**WHAT YOU HAVE TO DO**:
Word for word, copy out the data below, omitting pictures.
[[ INFORMATION SHOWN open ]]
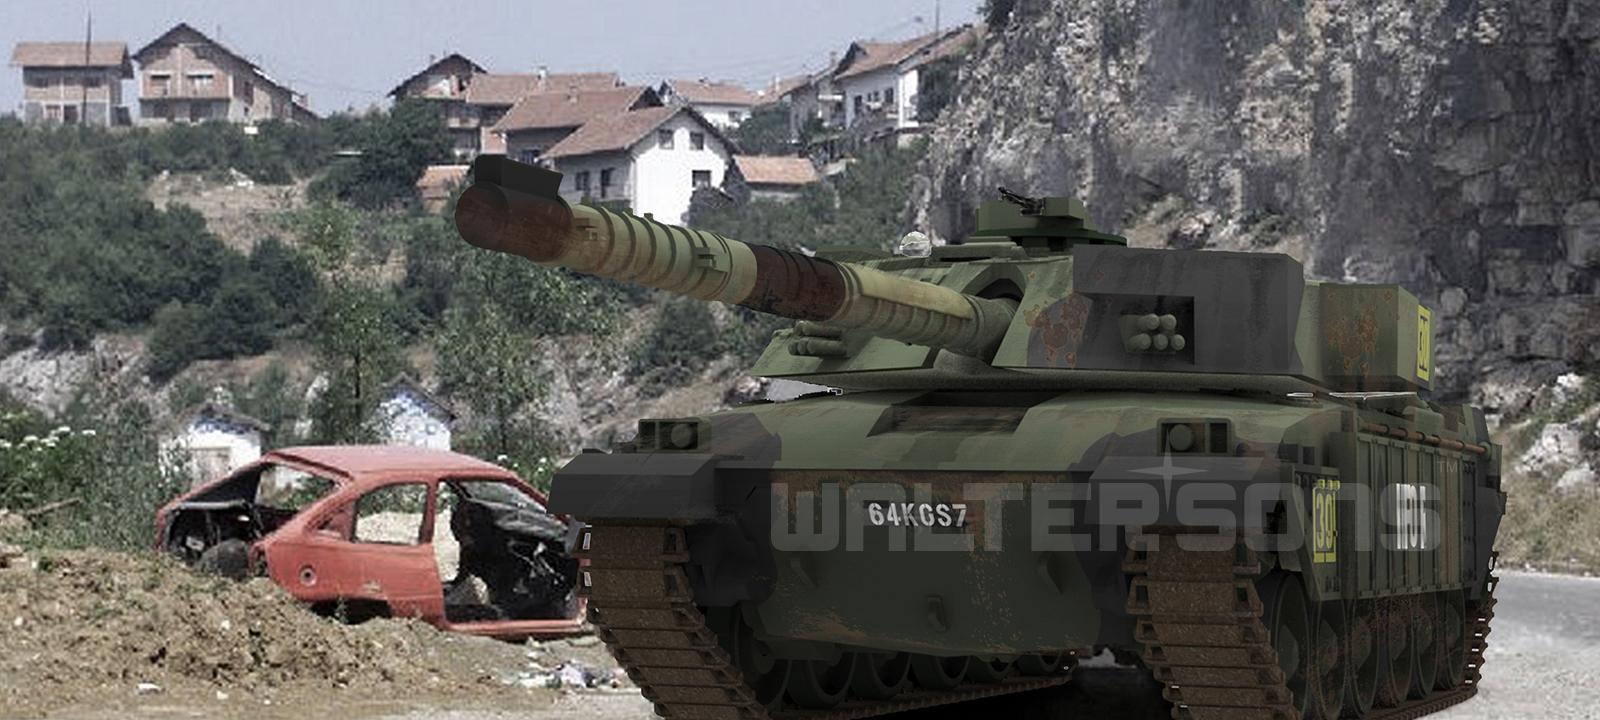 RC tank Waltersons British Challenger 1 NATO
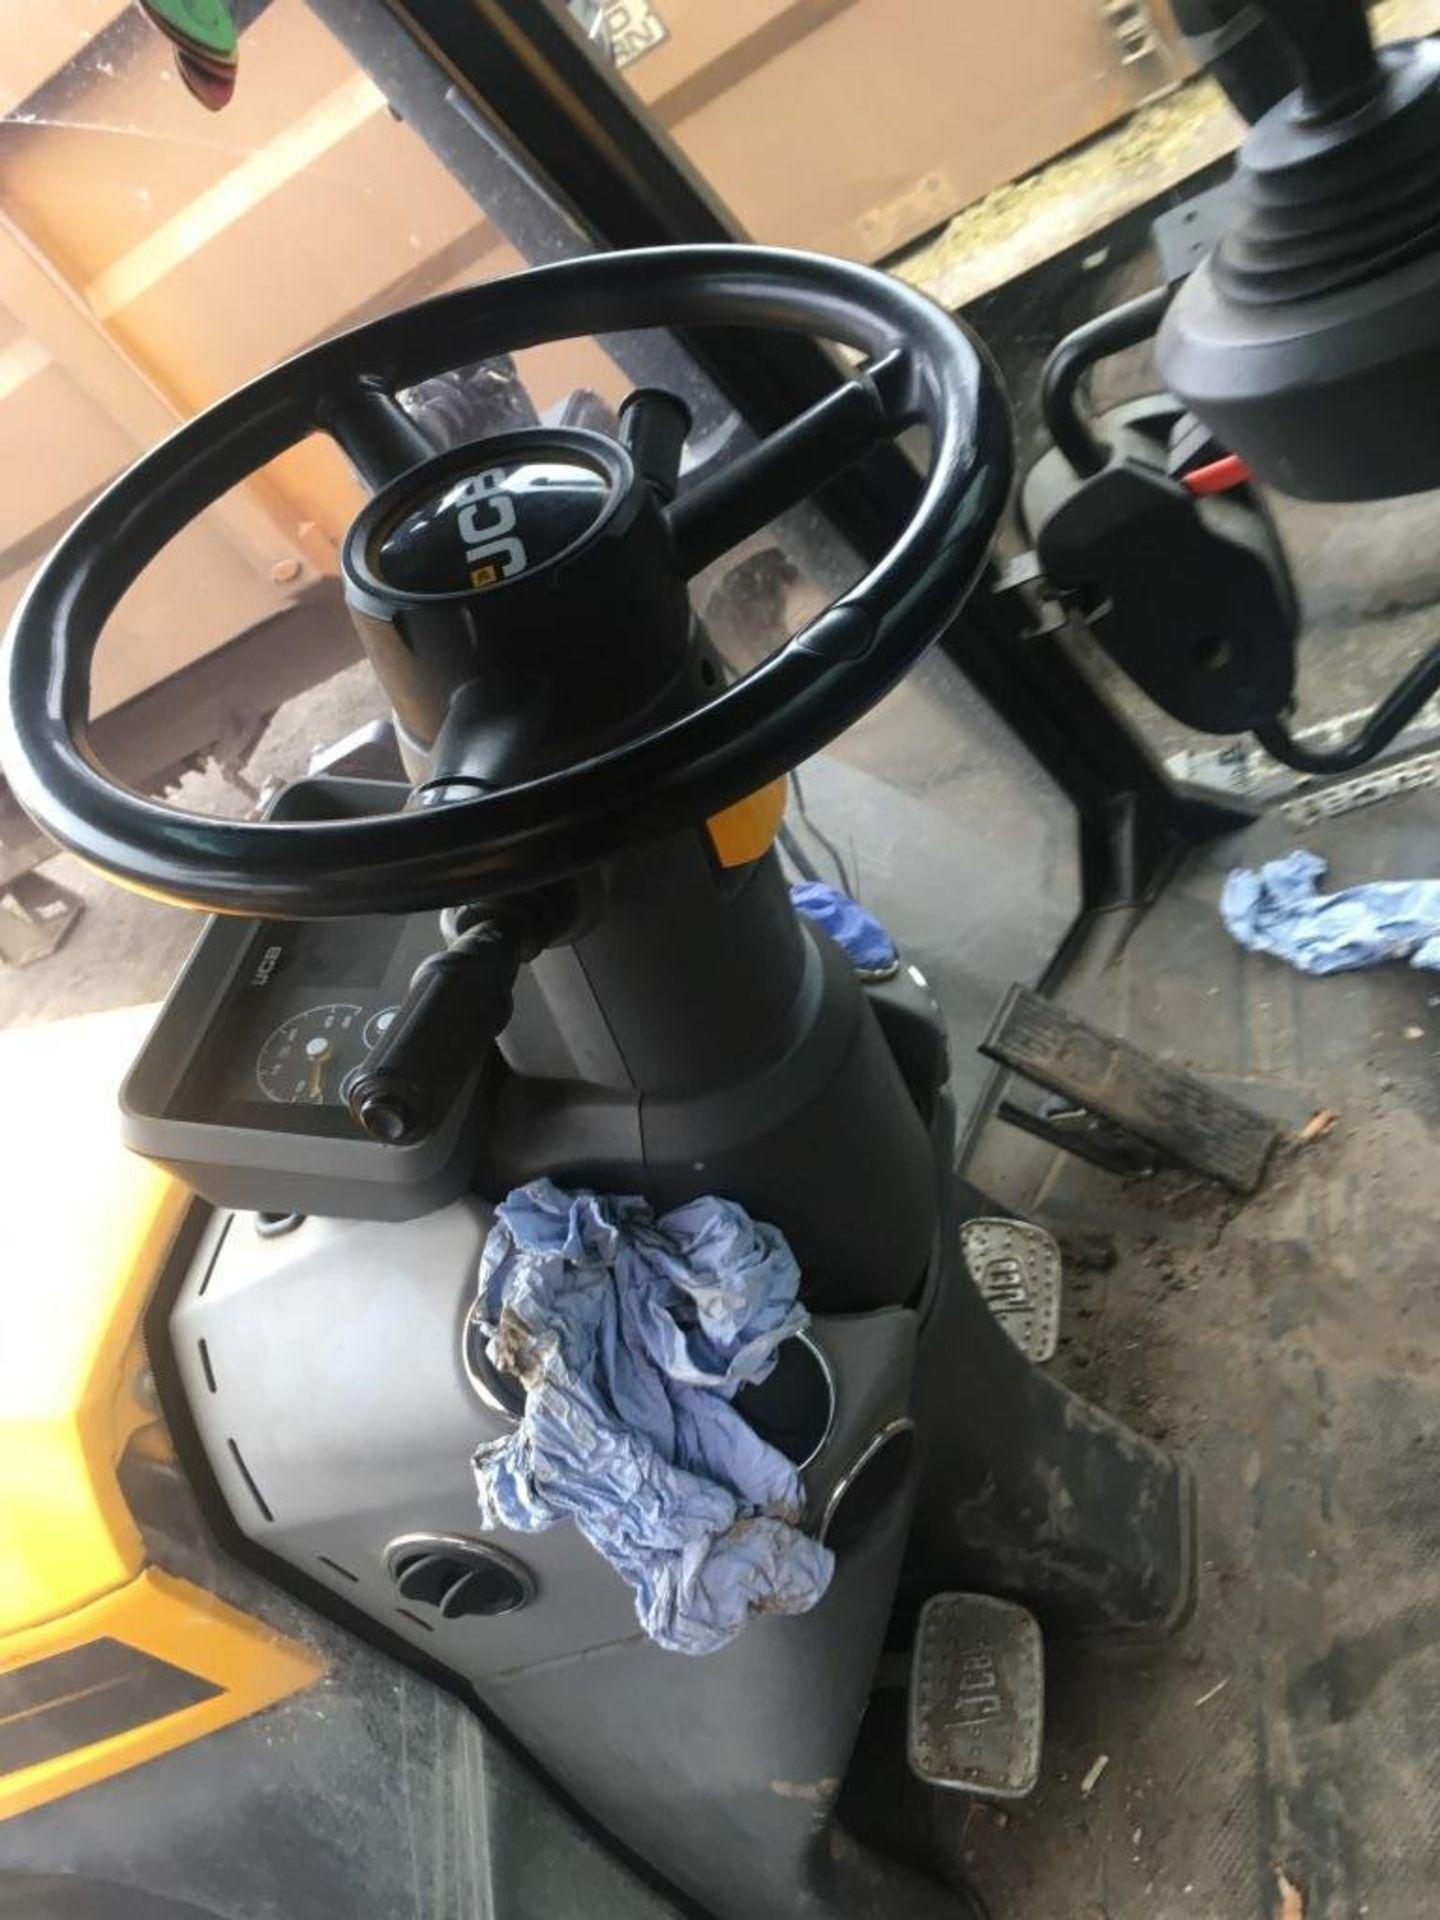 Lot 3 - JCB 4220 Fastrac tractor, YOM: 2017, Reg: AY66 WRC, No. JCB43X60LG2184716, 5,008 hours, with Quicke
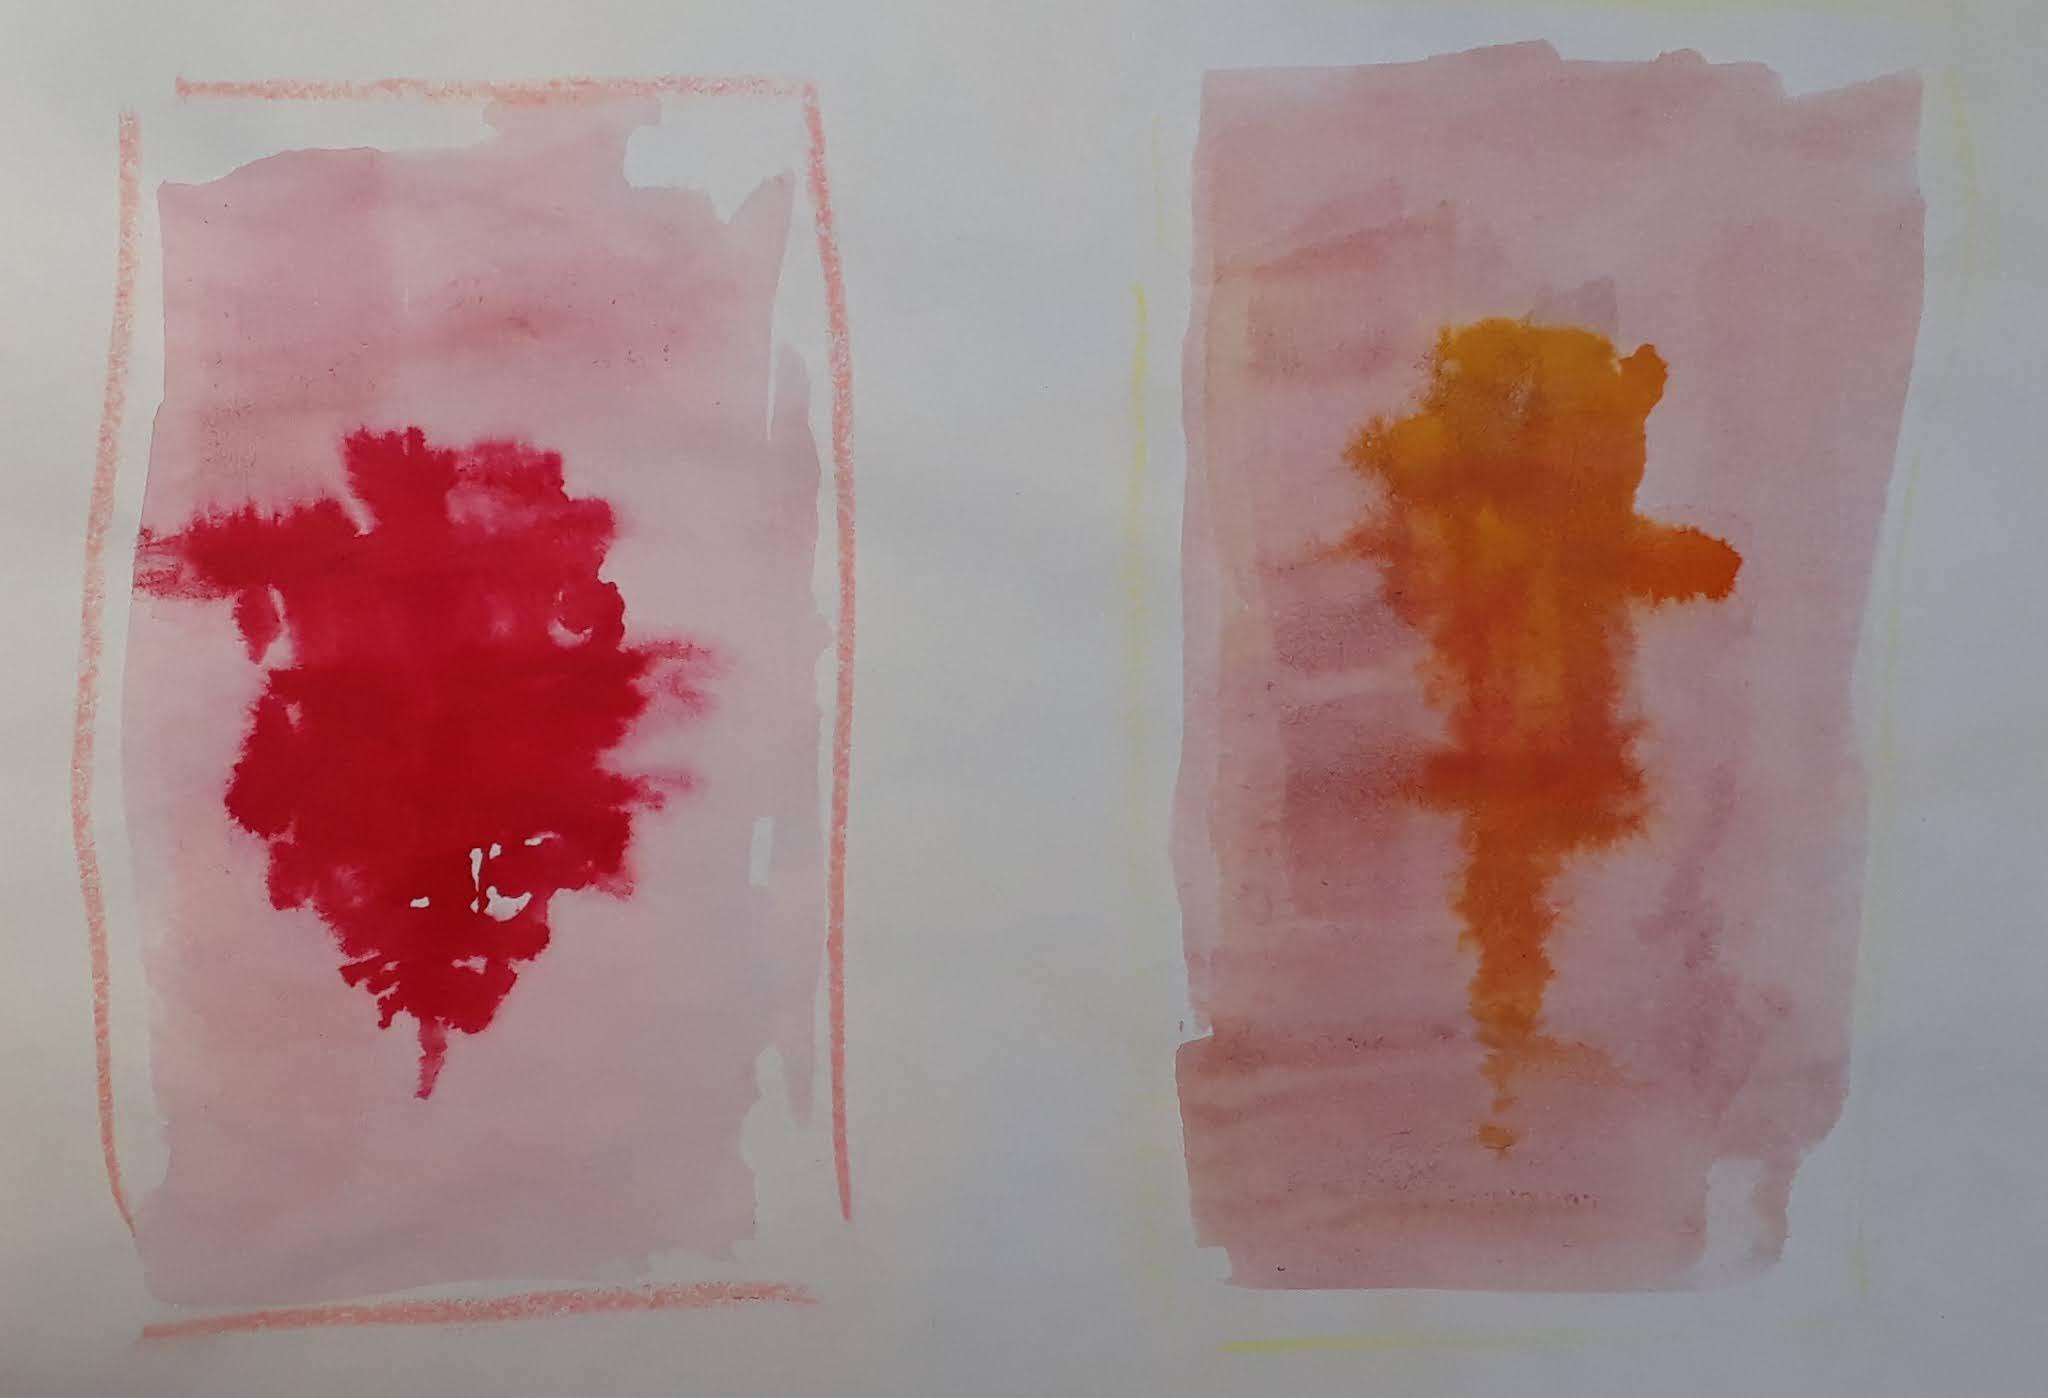 Punajuuri ja porkkana vesiväreillä
[[ INFORMATION SHOWN closed ]]
**TASK RESPONSE**:
 RC tank Waltersons British Challenger 1 NATO
 Lot 3 - JCB 4220 Fastrac tractor, YOM: 2017, Reg: AY66 WRC, No. JCB43X60LG2184716, 5,008 hours, with Quicke
 Punajuuri ja porkkana vesiväreillä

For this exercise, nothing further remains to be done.